Juan de los Santos le insistía en que solicitara la licencia, le hablaba de Zafra, de la bondad de las tierras que heredó de su padre, del vino que les esperaba en las tinajas, del jamón y del chorizo que compraban en Monesterio, de la feria y de los melones de la Plaza Chica, de los dulces que las monjas clarisas regalaban a los señores de El Torno cada Navidad. Pero su deber estaba con sus hombres, aunque la querencia le atrajera hacia las raíces que dejó por no aceptar una boda envenenada.
El día antes de la marcha hacia la capital de los mexicas, las mujeres partieron a Cempoal.

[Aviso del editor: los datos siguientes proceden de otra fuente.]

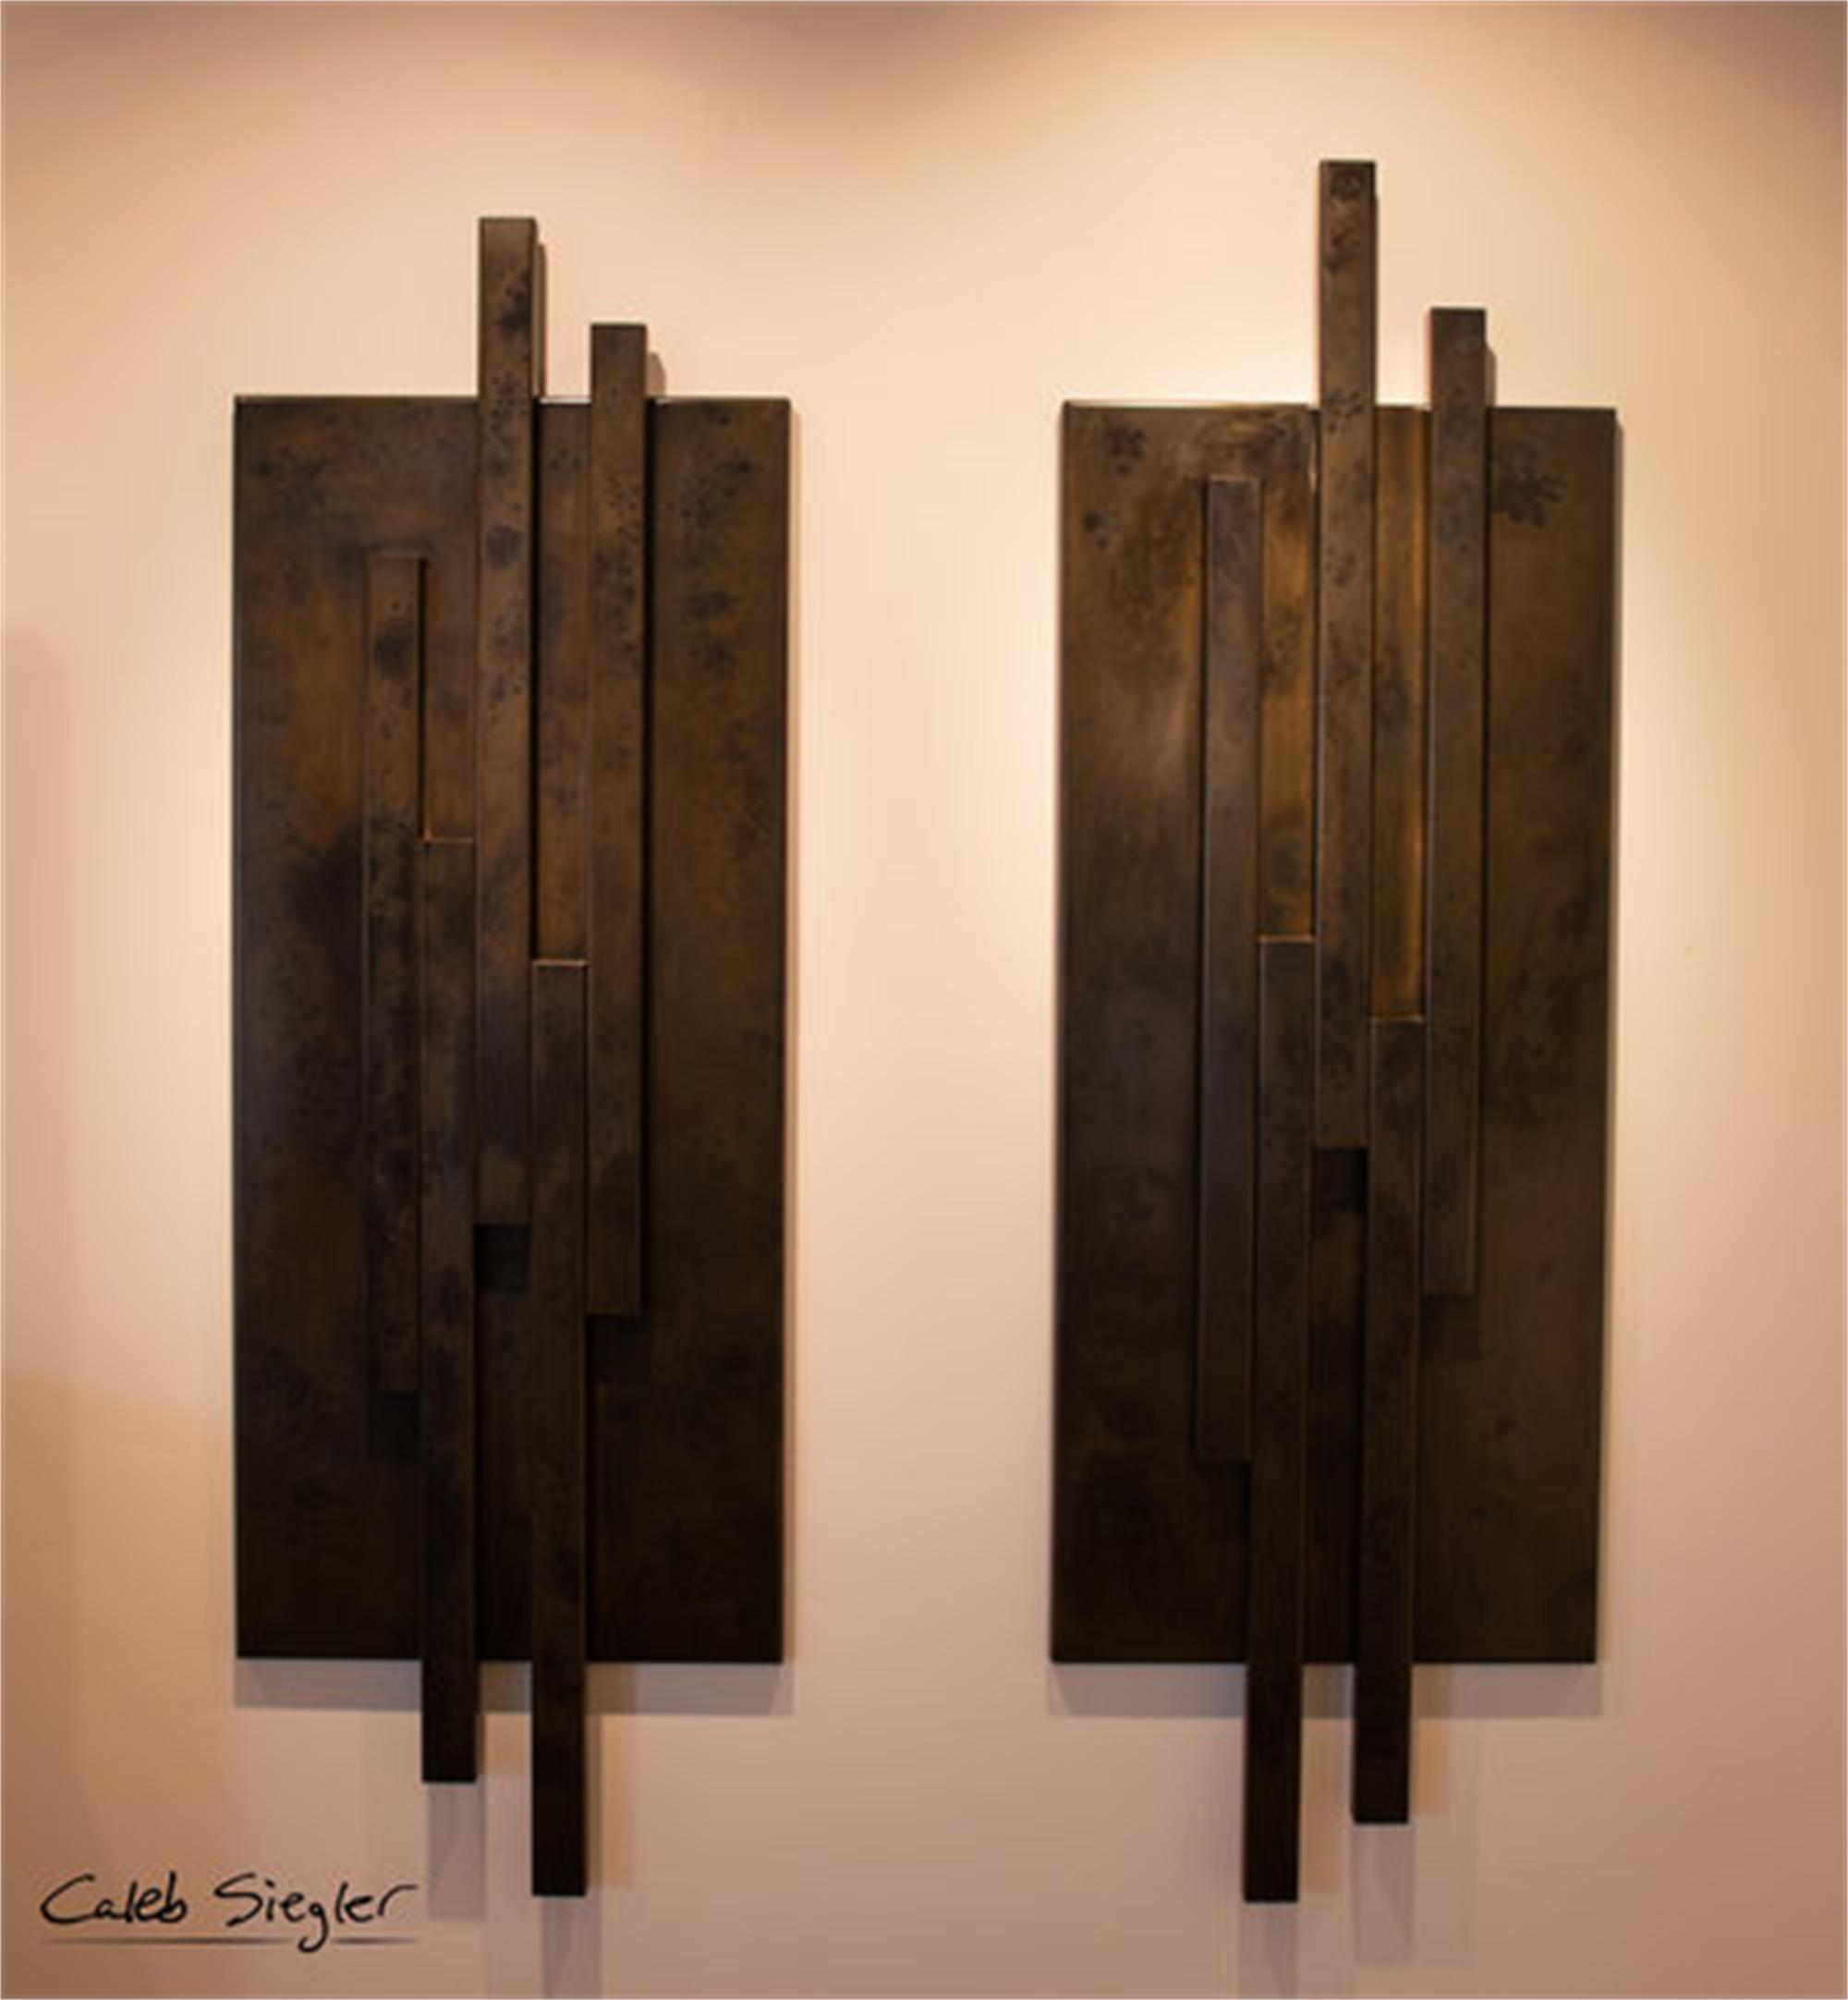 Towers (Diptych) by Caleb Siegler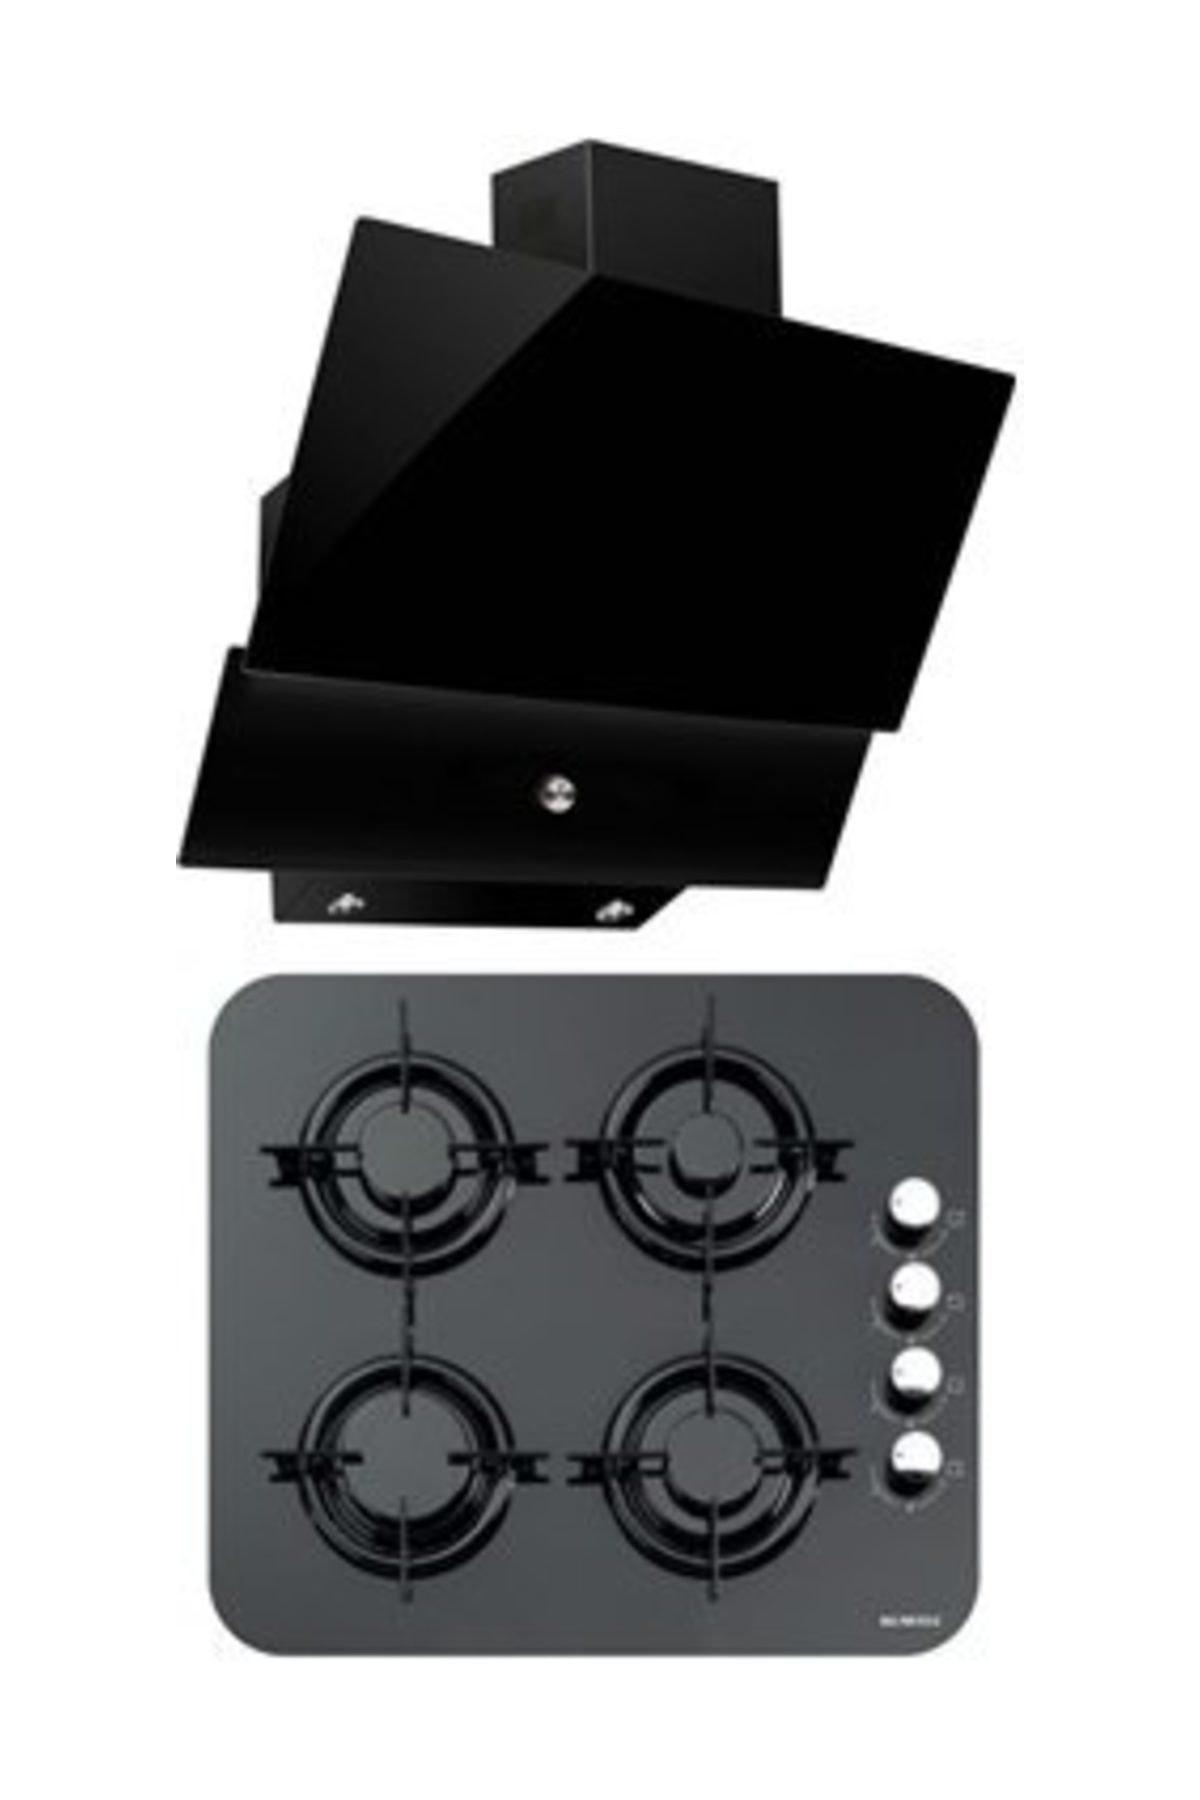 KUMTEL Siyah İkili Oval Cam Ankastre Set (DA6 830 Davlumbaz + 40 TSHDF Oval Cam Ocak) 1

Don Lorenzo llamó a su mozo de espuela y le dio instrucciones para el camino.
– Un pelotón irá con vosotros. Que nadie se separe de ti hasta que lleguéis a Cempoal. Allí esperaréis mi regreso. Cuida de ellos. Después, volveremos a casa.
Don Lorenzo cabalgó junto a la comitiva hasta que atravesaron el río donde vio a la princesa por primera vez, se bañaba junto a un guerrero que después sería condenado a la horca por asesinar a un capitán. En aquellos días, doña Beatriz llevaba en su vientre al hijo que ahora se aferraba a su espalda. Jamás hubiera pensado que, algún día, aquella joven que reía a carcajadas se convertiría en su esposa. Le llamó la atención el color de su piel, apenas parecía una india, más bien se diría que se trataba de una mora nacida de un cristiano, una morena clara que se mantenía en el agua como los peces.